O custo não é apenas “imposto”. Normalmente há ITCMD estadual, certidões, emolumentos de cartório, registro imobiliário, possíveis débitos de IPTU, condomínio, taxas, honorários e eventual multa por atraso. O ITCMD varia por Estado e deve ser analisado conforme a legislação local; a alíquota máxima nacional é historicamente tratada no limite de 8% pela Resolução do Senado n.º 9/1992. (Repositório Ipea)
4. Dívidas do imóvel continuam correndo.
IPTU, condomínio, manutenção, ocupação irregular, deterioração e litígios entre familiares podem consumir valor econômico. O herdeiro não responde por encargos superiores às forças da herança, mas a organização do inventário ajuda a demonstrar o limite patrimonial herdado. (Normas Legais)
5. Conflitos familiares ficam mais caros.
Quanto mais tempo passa, maior a chance de morte de herdeiros, nascimento de novos interessados, perda de documentos, divergência sobre posse, aluguel, benfeitorias, venda informal e prestação de contas.
Inventário judicial ou extrajudicial?
O caminho mais eficiente depende do caso. O inventário extrajudicial, em cartório, tende a ser mais rápido quando há consenso, documentação suficiente e atendimento aos requisitos legais. A Resolução 35 do CNJ disciplina a escritura pública de inventário e partilha e prevê que ela é título hábil para registro civil, registro imobiliário, transferência de bens e levantamento de valores. (Atos CNJ)
Após alterações de 2024, a norma também passou a prever hipóteses relevantes: nomeação de inventariante por escritura, possibilidade de alienação de bens do espólio por escritura observados requisitos, inventário extrajudicial com menor/incapaz em condições específicas e inventário com testamento em cenários delimitados. (Atos CNJ)
Quando há conflito, dúvida sucessória, disputa sobre união estável, incapaz sem atendimento dos requisitos, testamento sem etapa judicial necessária, bem no exterior ou impugnação relevante, a via judicial pode ser necessária.

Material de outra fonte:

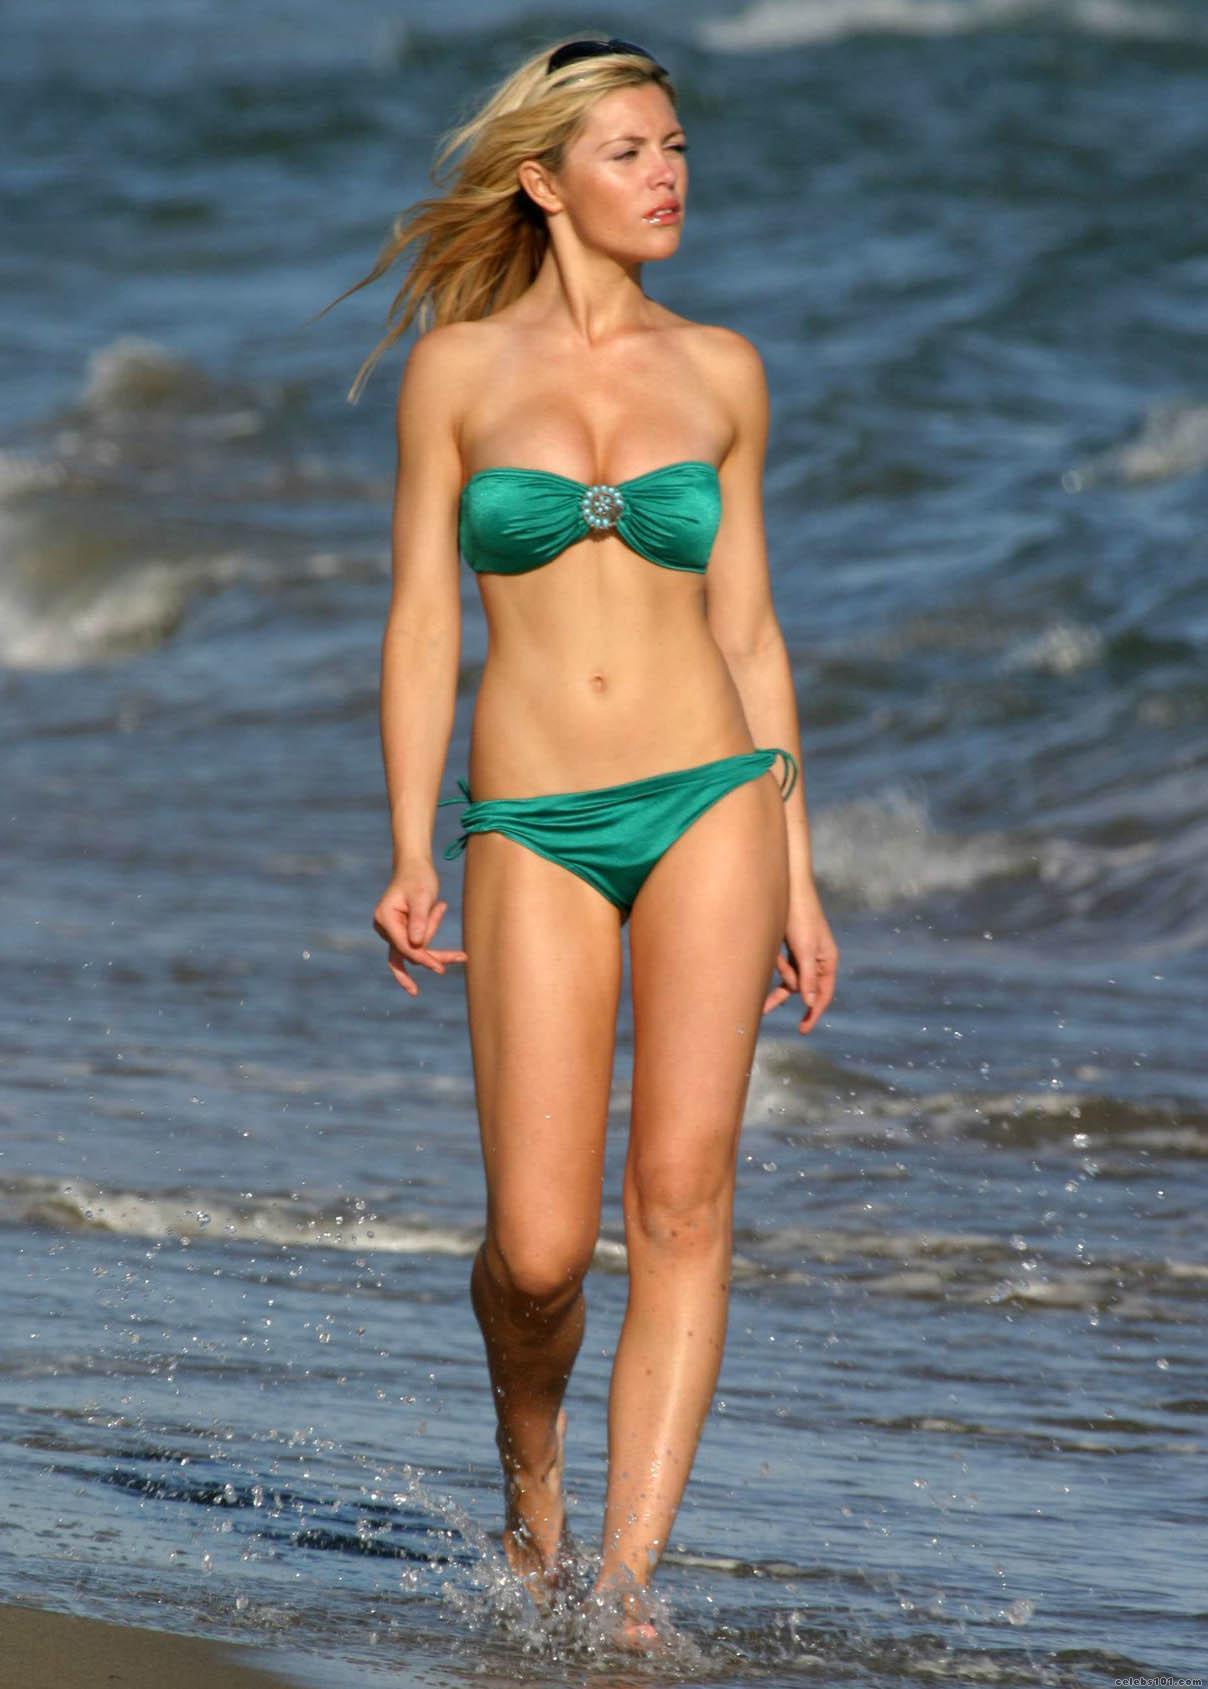 swimsuit Bikini Abbey Clancy naked photo 2017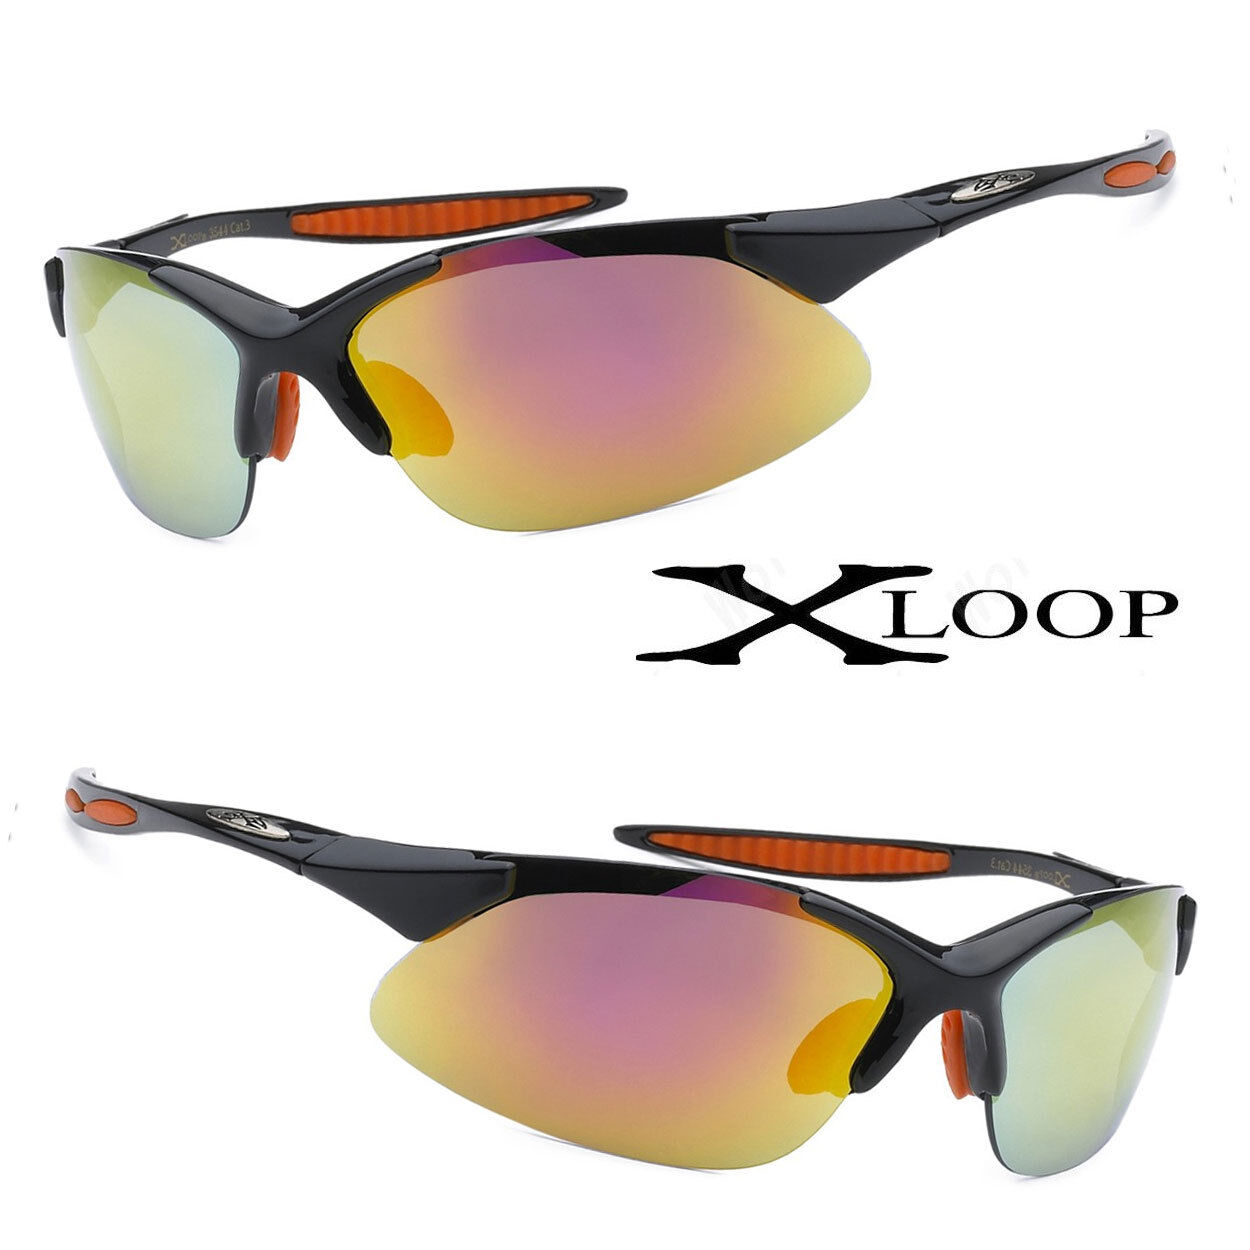 8459eaa5de Details about XLoop Mens Womens Sports Designer Sunglasses Semi Rimless  UV400 Black Frame Fire

Checklist mínimo para se preparar
Antes de procurar orientação, reúna:
Pessoa falecida: certidão de óbito, RG, CPF, certidão de casamento ou nascimento atualizada, pacto antenupcial se houver, certidão de testamento pela CENSEC, dados fiscais e dívidas conhecidas.
Herdeiros e meeiro: RG, CPF, estado civil, profissão, endereço, e-mail, certidões atualizadas, regime de bens e dados dos cônjuges quando necessários.
Imóvel: matrícula atualizada, certidão de ônus, IPTU/valor venal, débitos municipais, condomínio, contratos de locação, informações de posse, benfeitorias, construções não averbadas e eventuais penhoras ou indisponibilidades.
Esse modelo segue a lógica do “dossiê do inventário” adotada no exemplo anexado: transformar ansiedade em documentação organizada, para reduzir retrabalho e acelerar a estratégia jurídica.
Conclusão
Não fazer inventário não preserva o patrimônio: apenas adia o problema, aumenta o custo e reduz a liquidez do imóvel. O melhor caminho é diagnosticar cedo: quem são os herdeiros, se há meeiro, qual é a situação da matrícula, quanto pode custar o ITCMD, se há consenso e se o caso comporta cartório ou exige juiz.
Se existe imóvel em nome de pessoa falecida, comece pela matrícula atualizada e pelo levantamento dos herdeiros. A regularização sucessória é o primeiro passo para proteger, vender, registrar ou dividir o patrimônio com segurança.